You can copy and paste code.
There are times when it is the right thing to do. We are taught not to do it because, more often than when it is the right thing to do, it is the lazy thing to do.
It is not the right thing to do when you’re copying an idea that, if you change it, will have to be changed everywhere you copy it. If everywhere you copy it it needs to vary independently then it’s good to copy.
You can dedupe code
The thing that makes not-copying difficult to write is you’ll need a good name. Avoiding creating bad names is good but avoiding creating good names is bad.
If we can get a good name out of you then the code becomes easier to read. You’ve discovered a useful abstraction that saves readers time.

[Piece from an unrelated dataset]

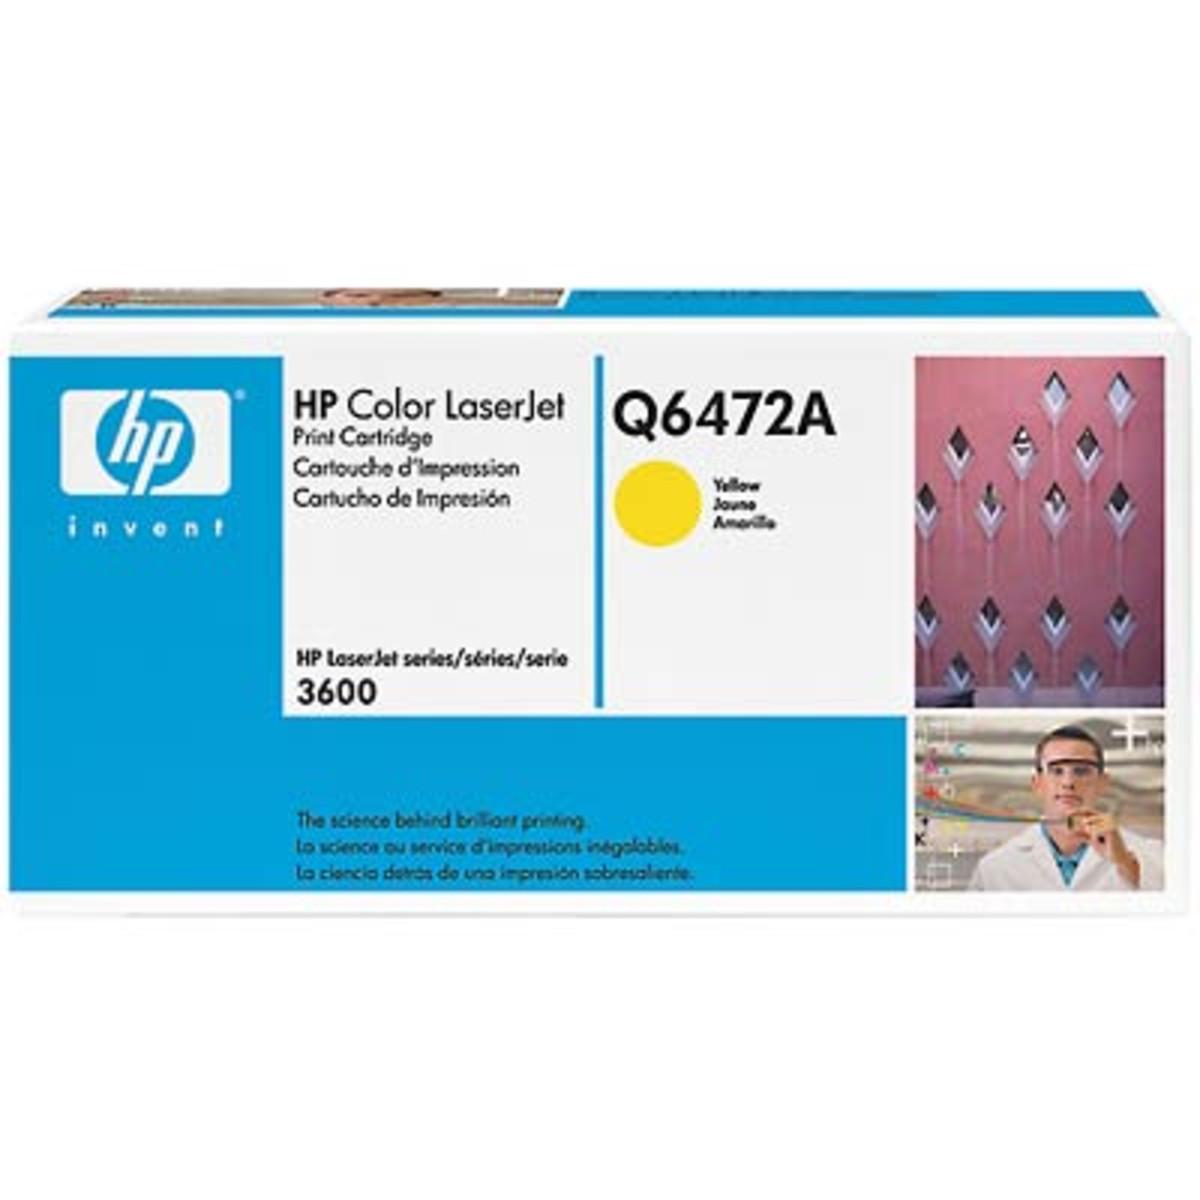 HP 502A (Q6472A) Yellow Toner Cartridge

Sometimes duping is required
However, sometimes code expresses a different idea that varies independently and just happens to look the same. In this case duplication is no sin.
You can’t tell by looking at the copied code. Being the same code character for character isn’t the sin.
Just because x
and y
both happen to equal 1
doesn’t, on its own, mean one of them has to go. No, but if you had a rule that said x
must equal y
then you should question whether you really need y
.
Uncertainty
What if you can’t predict the future and aren’t sure if it needs to vary independently? In that case, consider avoiding copying simply because it makes it harder to see what you have done. Requirements change isn't the only thing that forces change. Discovered bugs force change as well. It's not fun to find you've copied a bug to a bunch of different places and left yourself no easy way to find every place. Also there's refactoring. Your copy might be an easy to detect dupe now but then someone refactors it and suddenly it's a dupe (still does the same thing for the same reasons) that looks completely different.

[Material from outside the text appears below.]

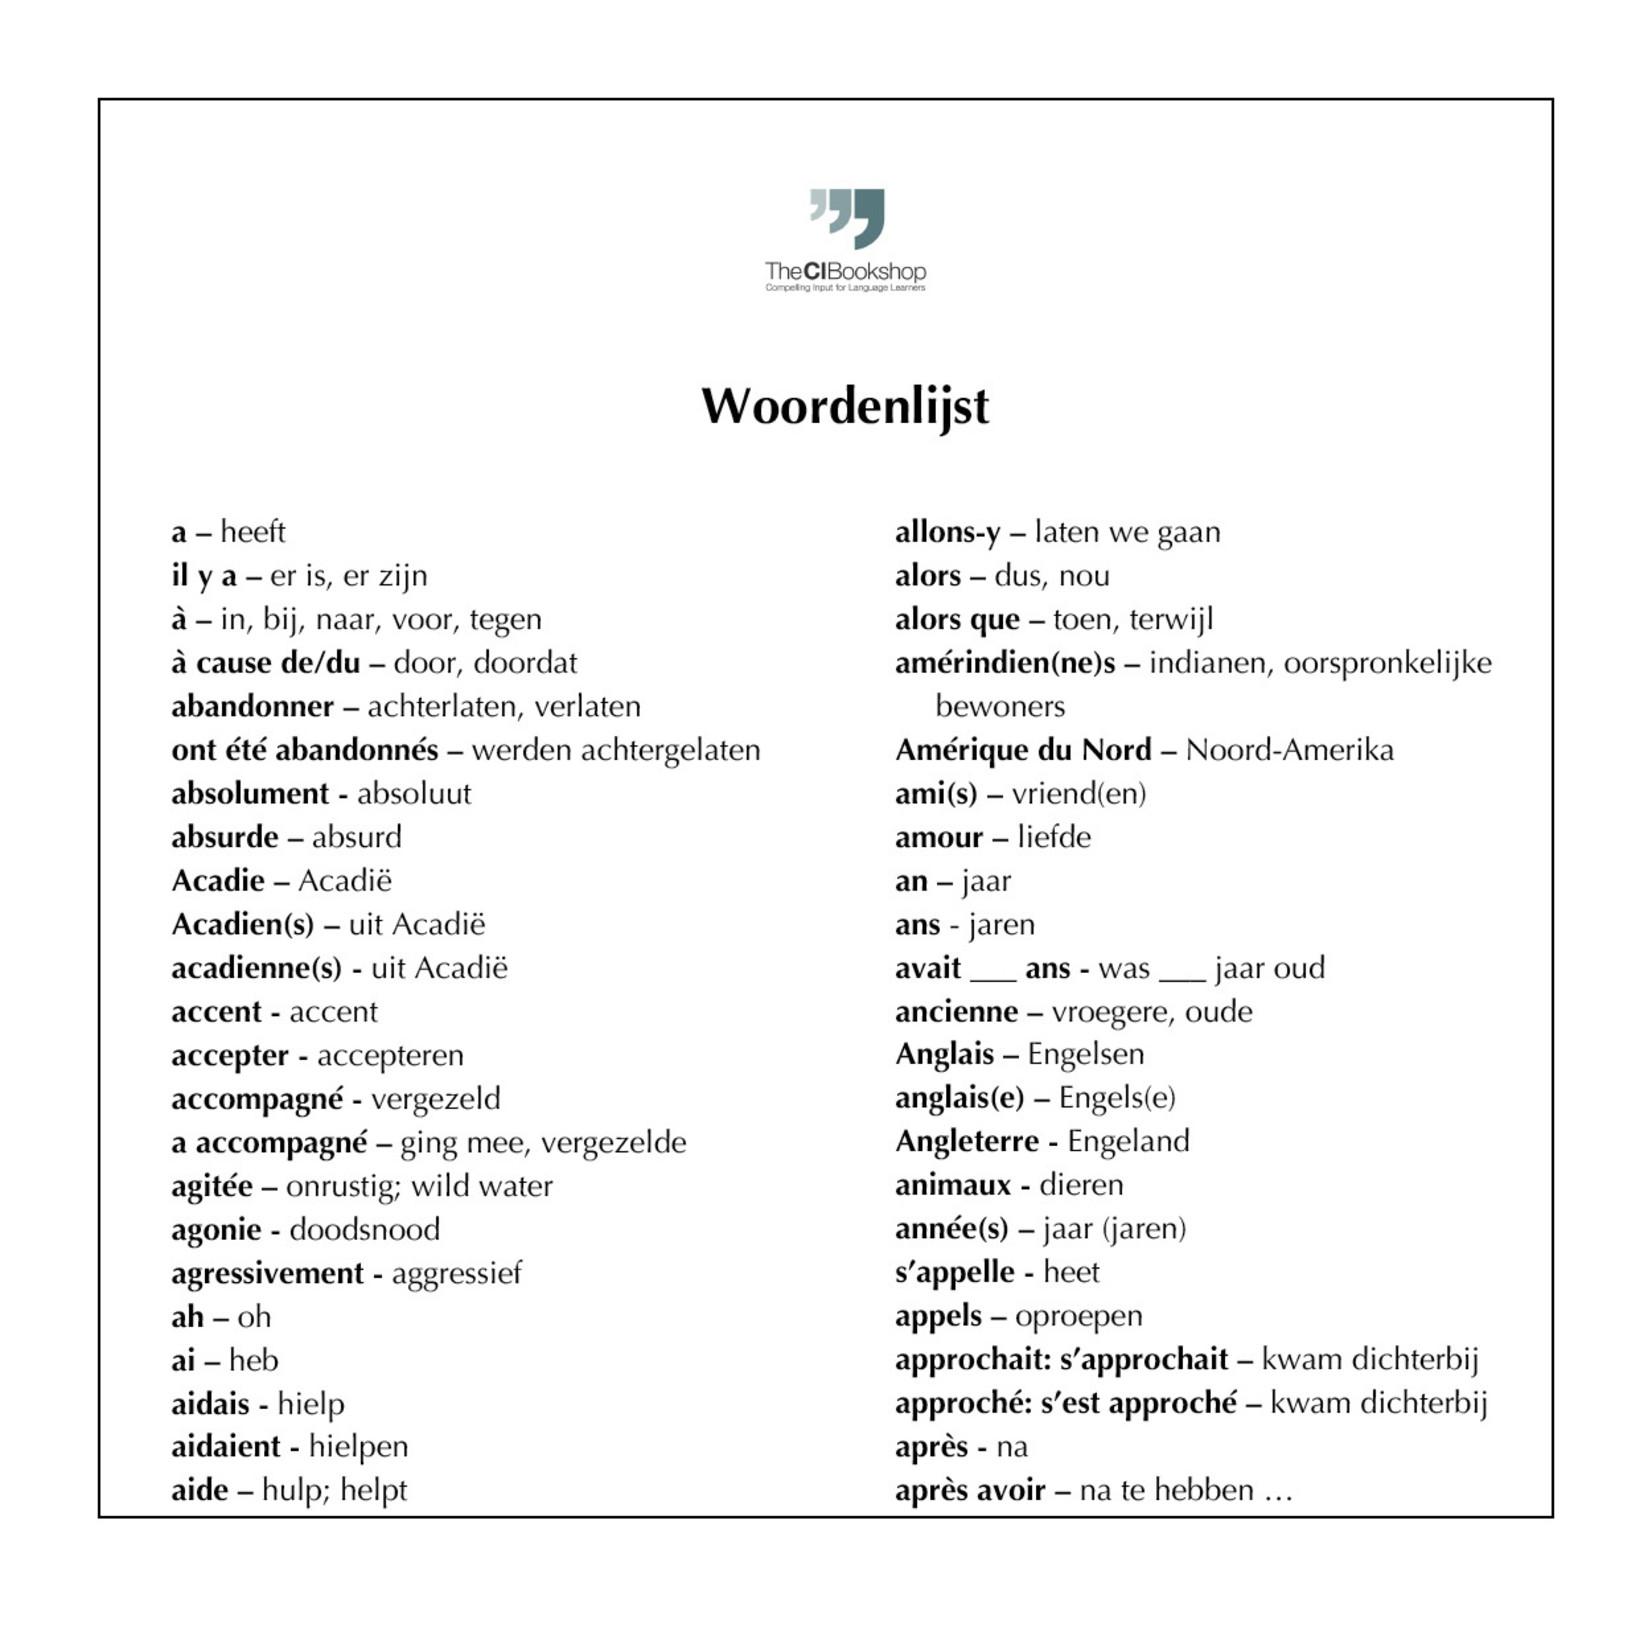 Dutch glossary for La nouvelle fille

When you give a snippet of code a name and reuse that name you are making the reuse explicit, ensuring that each use changes together, and hopefully used a good name on a good abstraction. When you don't need those features, copy as you please.
Try again later
You might read this and conclude that since these features were desired the junior developer made a mistake. Hold on. Often the easy way to reuse code is to first copy it, figure out what code needs to be created to support it, and test that it really does what you need it to do. Then consider factoring it out with a name and abstraction (method, object, etc). Yes, copy and paste can be a good first step to explicitly reusing code. Which is exactly what you used it for.
Mark your path
But this only works if you know where all that copying happened. You were lucky you could find it. People with questions and bathroom trips interrupt at the most inconvenient times. So if you want to be a casual copier consider adopting a habit of documenting where your code came from when you copy it. A quick little comment can save your bladder and ensure that the reuse is detectable.